Le futur des roguelikes : entre déclin et renaissance
Alors, les roguelikes sont-ils condamnés à devenir une coquille vide, répétant les mêmes recettes jusqu’à l’épuisement ? Pas forcément. Plusieurs scénarios se dessinent :
1. L’implosion créative : Si les séquelles et les DLC continuent de dominer, le genre pourrait s’essouffler, comme les survival horror après l’ère Resident Evil 6. Les joueurs, lassés, se tourneront vers autre chose.
2. La fragmentation : Les roguelikes pourraient se scinder en sous-genres distincts – comme les soulslikes après Dark Souls. Certains miseraient sur le narratif (Hades), d’autres sur le multijoueur (Risk of Rain 2), ou l’expérimental (Noita).

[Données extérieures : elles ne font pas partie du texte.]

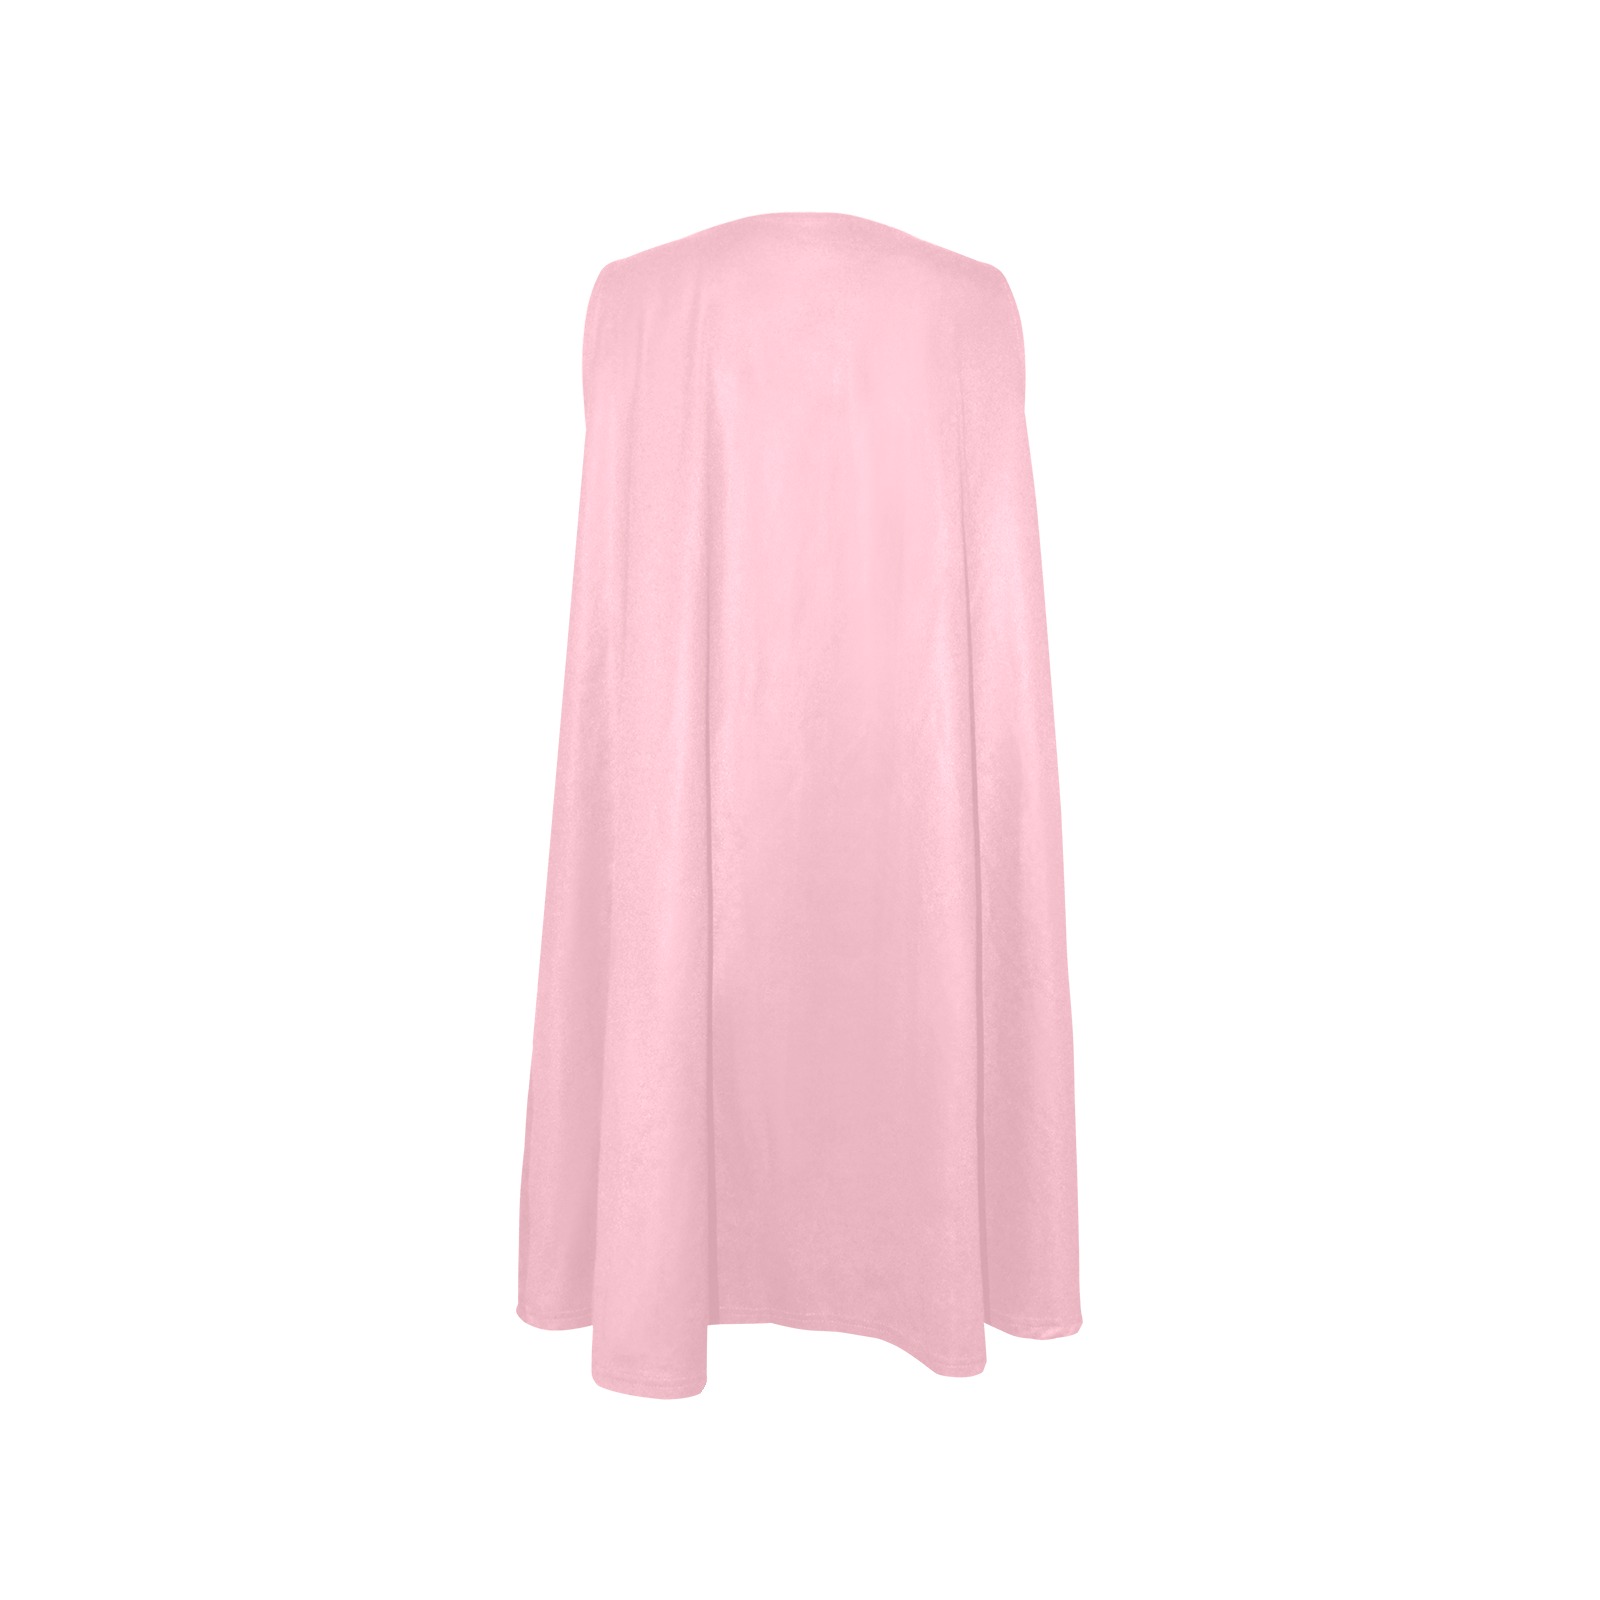 Patchwork Heart Teddy Light Pink Sleeveless A-Line Pocket Dress (Model D57)

3. Le renouveau par la contrainte : Comme dans les années 2010 avec FTL ou Spelunky, une nouvelle génération de développeurs pourrait émerger, contrainte par des budgets serrés à innover. Les outils comme Unity et Unreal Engine 5 rendent la création plus accessible – reste à trouver les idées.
Un indice encourageant ? En 2025, le Global Game Jam a vu 20% des projets utiliser des mécaniques roguelite – contre 5% en 2020. Preuve que l’inspiration est toujours là, quelque part.
La balle est désormais dans le camp des joueurs. Soutiendront-ils les projets audacieux, même imparfaits ? Ou préféreront-ils le confort du "même, mais en mieux" ? Une chose est sûre : si le genre veut survivre à son propre succès, il devra réapprendre à tomber – comme dans un vrai roguelike, où chaque échec est une leçon. La prochaine grande révolution viendra peut-être de ceux qui oseront perdre pour mieux renaître.